Our biggest complaint, however, is the fact that it doesn’t provide a pop-up notification for low battery life, forcing you to rely on the hard-to-see flashing red light inside of the mouse.

Gaming Performance

When it comes to gaming performance, this is where the Pwnage Stormbreaker shines. Its lightweight and comfortable in just about any preferred grip, which makes it perfect for FPS games like Valorant or CS:GO.

We had zero issue with latency in our tests with either of the games, and tactile feedback from the Omron switches in the main mouse buttons allow us to be very confident in our shooting.

The Stormbreaker’s most unique feature is the adjustable sensor location, which is largely beneficial to FPS games. Moving it towards the front helps with speed and accuracy when fingertip gripping it as it gives a shorter tracking path.

pwnage storm breaker

The same can be said for moving it backward or leaving it in the center as well, with palm and claw grips working the best for each respective sensor position in our testing.

The mouse is great in other game genres too, performing well in Cyberpunk 2077 and Only Up.
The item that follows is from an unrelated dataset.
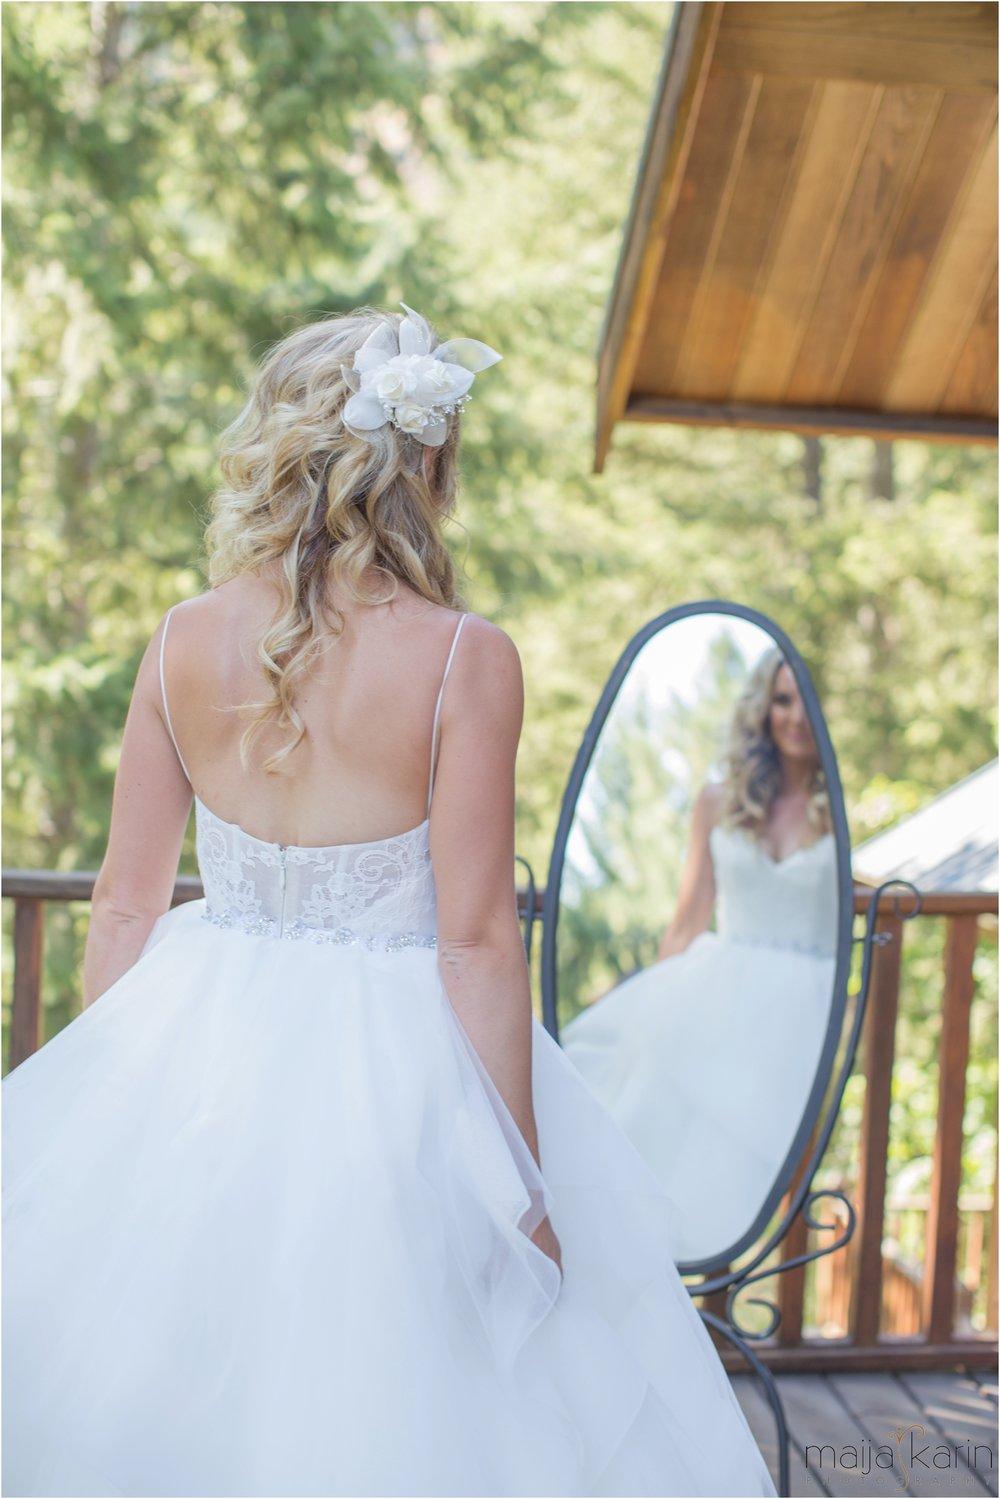 silvara-winery-wedding-maija-karin-photography_0014.jpg

Without a need for quick, accurate movements in the majority of gameplay for these games, the Stormbreaker doesn’t really stand out above other options like the HyperX Pulsefire Haste 2.

We did have a minor issue of it not tracking very well on our leather desk mat, so we definitely recommend using a cloth or glass option with the Stormbreaker.

Should you buy it?

There are plenty of issues with the Pwnage Stormbreaker, most notably its mediocre battery life, questionable build quality, and lack of a dedicated DPI button.

The adjustable sensor location is something we’ve never seen in a gaming mouse before, and finding the right spot for the sensor does increase speed and accuracy, but it’s not quite worth the $180 price tag.

We’d recommend lower-priced options like the HyperX Pulsefire Haste 2 or Endgame Gear XM2we.

The verdict – 3/5

Pwnage has managed to make a unique gaming mouse with its adjustable sensor location. Unfortunately, it’s riddled with issues that prevent it from being the premium quality mouse that we were hoping for.